For our application, we first pull the Mistral model with the command ollama pull mistral.

Building the Retrieval Augmented Generation (RAG) Interface in a Javascript Web Application

In interfacing with similar models, you will mostly see examples of Jupyter Notebooks or Python code online, none of which can run in the browser. Furthermore, with most of these examples, they merely call existing APIs to pass data to in-memory variables or external sources, none of which make it transparent for the development of custom, production ready deployments for applications.

In this article, I will demonstrate how I developed a RAG solution that uses Langchain.JS to interface with models on Ollama within web application code, as well as persist the data to disk with PostgreSQL and Docker.

For brevity, I will skip all the install steps for Node packages. For a full reference of what I used, you can refer to my package.json file here.

Retrieval

To enable the retrieval in Retrieval Augmented Generation, we will need 3 things:

Generating Embeddings
Storing and retrieving them (with Postgres)
Chunking and Embedding documents

1. Generating Embeddings

Embeddings are vector representations of text content that are created by Transformer-based models. These models are trained on text and can convert text to number outputs represented as vectors.

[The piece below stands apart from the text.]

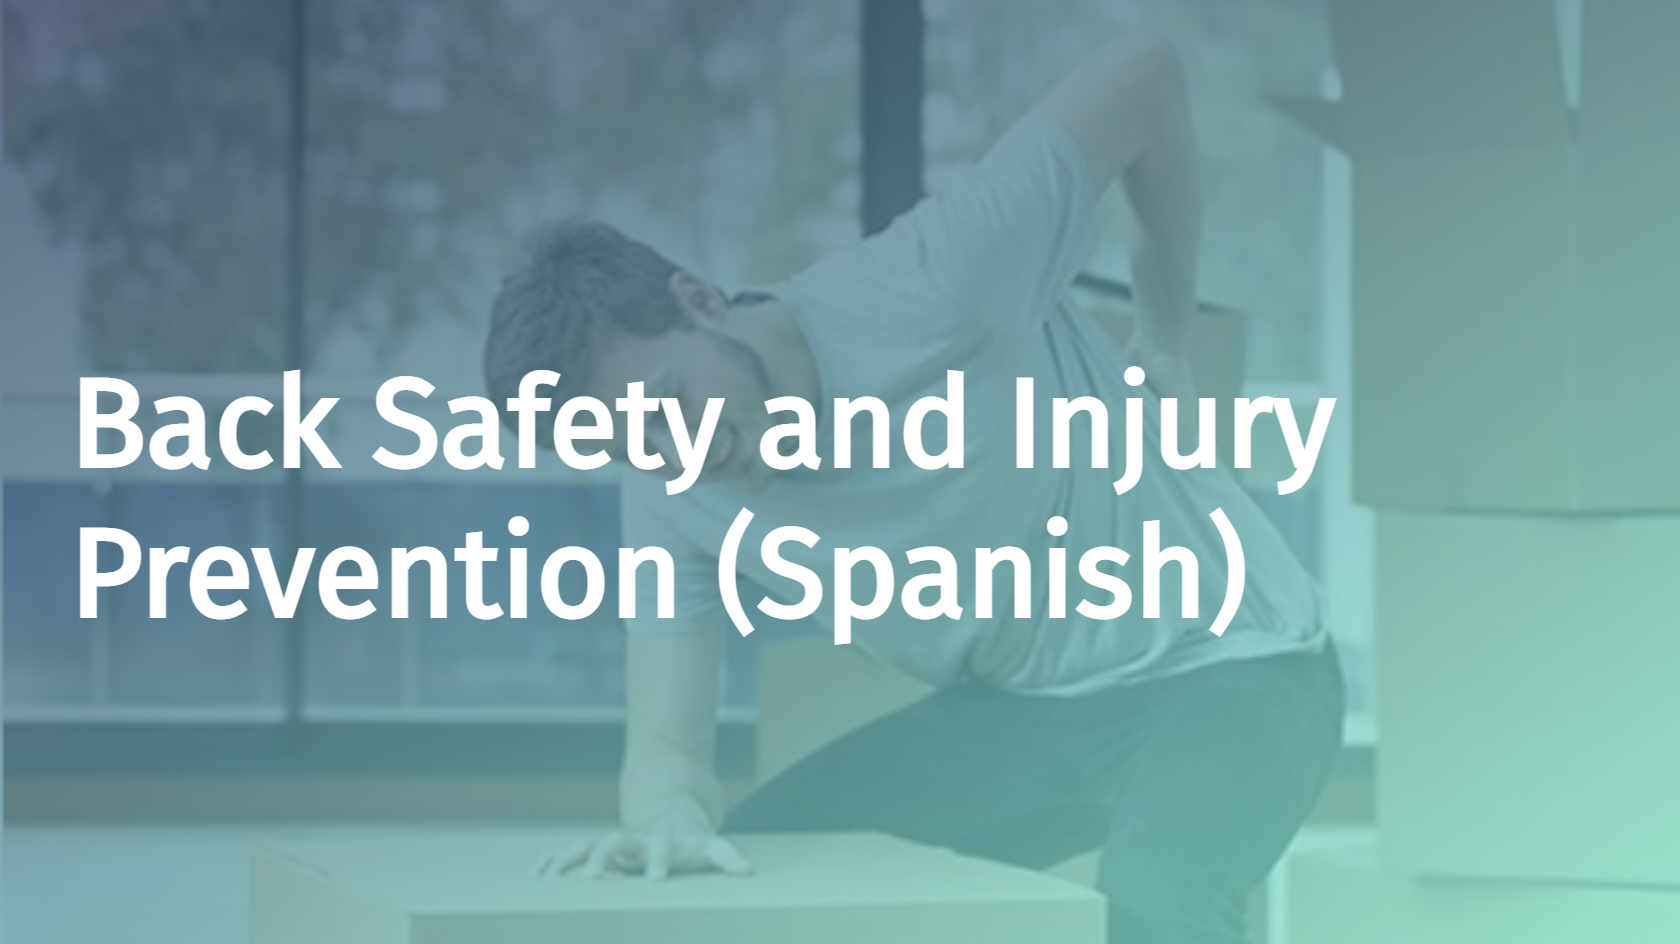 Spanish - Back Safety and Injury Prevention

Using similarity-search between vectors, we can query for documents with a text query, without matching the document entirely (think of it as full-text search). This is done by converting the documents to embedding vectors, and then converting the query to a vector to perform a vector-based search based on distance between the query vector and the documents (cosine distance, euclidean distance, etc.) and returning the documents with the closest distance to the query vector.

Since the documents and the query vectors are both generated using the same embedding model, it is likely that the result is close to the query in terms of meaning, or contains similar terms.

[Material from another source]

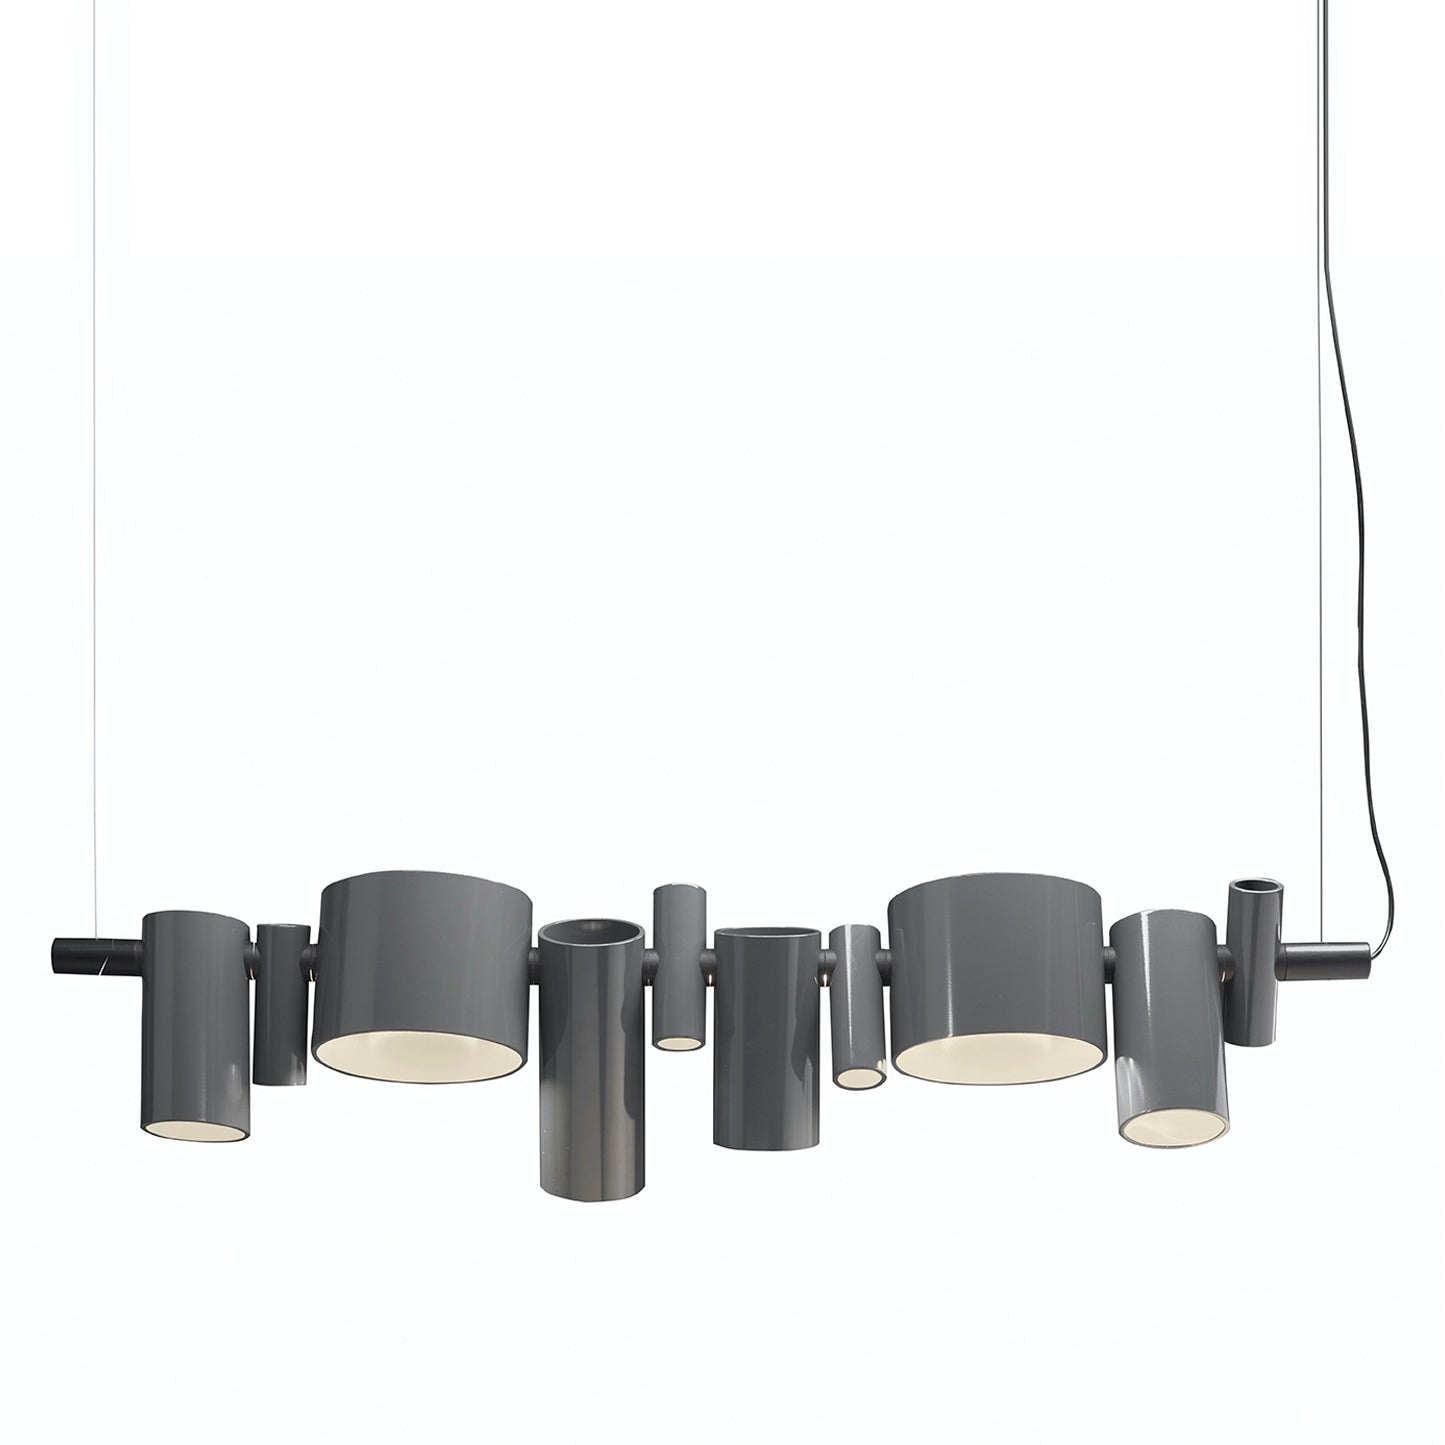 Dancing Queen Suspension Light: Lacquered Grey

Setting it up in Next.JS 14 on the server

In my app, I opted to generate the embeddings on the server to minimise load times for the client. This meant that the server could pre-bundle the ONNX embedding model binaries from Huggingface and run them in the app with the ONNX Node Runtime. (ONNX is a separate model weights format that enables running without library code such as PyTorch).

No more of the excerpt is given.